As it was located in the westerlies of the southwest monsoon, on September 16, BOB 05 exhibited persistent deep convection driven by mid-level anticyclonic shear. A few hours later, the system weakened to a depression as it drifted slowly westward over western India. The depression subsequently lost organization, degenerating into a well-marked low pressure area over Madhya Pradesh by 00:00 UTC on September 18.

==Impact==
===Bangladesh===
The storm produced heavy rainfall in southeastern Bangladesh. Seven people were killed by landslides in Cox's Bazar District. Rainfall flooded some 200 villages in Cox's Bazar Sadar. Six other upazilas remained flooded. In Ukhia Upazila, flooding affected over 50,000 people across 40 villages. Among them were the Haldia Palong and Jaliapalong areas constituting the most affected population of 35,000. Some 10,000 residents across eight neighbourhoods including Nuniarchara, which are flood-prone, were also affected. Flooding in Chakaria Upazila also disrupted 20,000 residents; agriculture land were also badly damaged. Eleven deaths were recorded and 100 missing fishermen in Noakhali District, 35,441 were relocated to camps, and 1.5 million people were trapped by floodwaters. Two people were killed when a boat capsized in Jagannathpur Upazila.

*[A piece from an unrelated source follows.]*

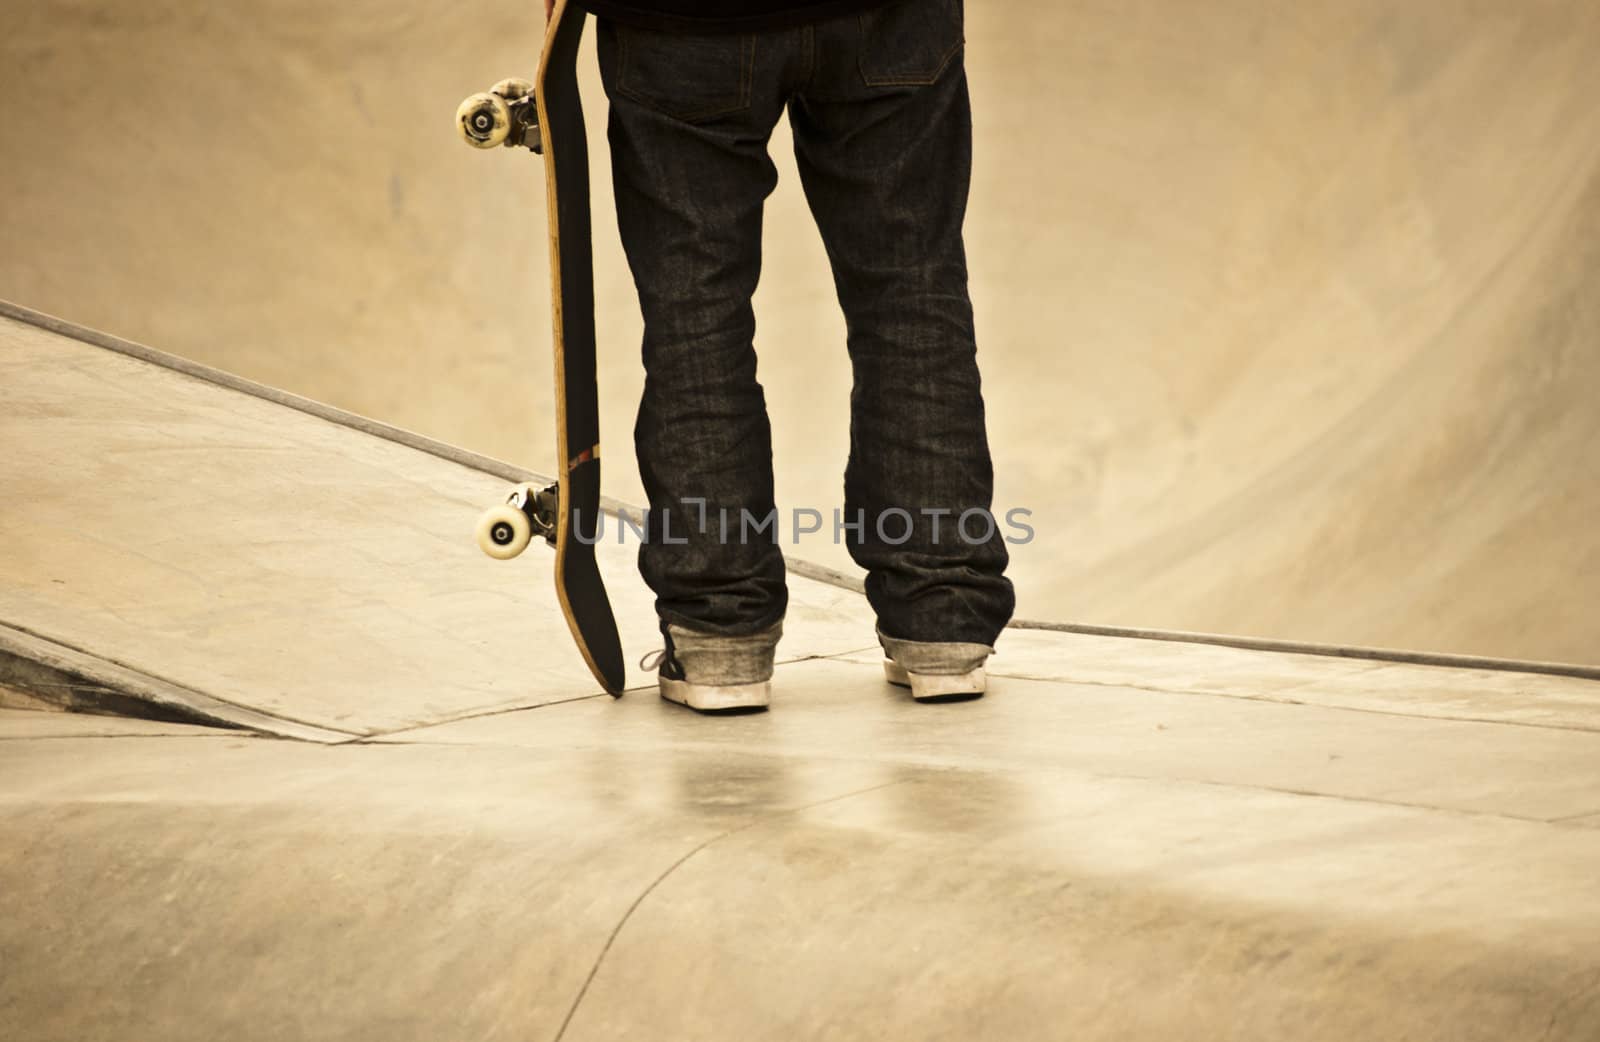 Teenager holding his skateboard at local skatepark

Over a dozen fishing trawlers carrying an estimated 500 people off the coast of Cox's Bazar were unaccounted since 11 September. On 15 September, most of these fishermen returned to land but 250 others on 23 trawlers remained missing. At least eight trawlers capsized in rough seas; some fishermen swam to shore while many others were missing. Two bodies were found at Ukhia's Inani Beach while three were recovered along the shores of Nazirartek, Pechar Dwip and Kolatoli Square. A search operation for the missing was initiated by the Bangladesh Navy. Indian fishermen also rescued 12 Bangladeshi nationals stranded in the bay due to rough seas.

===India===
On 14 September, the IMD said light to moderate rain was possible in West Bengal while some areas might experience extreme rainfall. Intense rainfall was expected in Odisha, Jharkhand, Bihar, Chhattisgarh, Mizoram, Tripura, Assam and Meghalaya from 14 to 16 September. A "red" alert was later issued for West Bengal and Odisha with a greater expectation for intense rain. In Kolkata, 72.4 mm of rain was recorded over a 24-hour period. Over 125.8 mm of rain was measured between 13 and 14 September in the city.
Due to the heavy rains, the Damodar Valley Corporation released more than 3.5 lakh cusec (350000 cuft cubic metres per second) of water from its dams, resulting in inundation of Birbhum, Bankura, Howrah, Hooghly, North and South 24 Parganas, Purba and Paschim Medinipur, and Paschim Bardhaman districts of West Bengal. Twenty-eight people were killed due to these floods and 25,000 people had to moved to safer areas.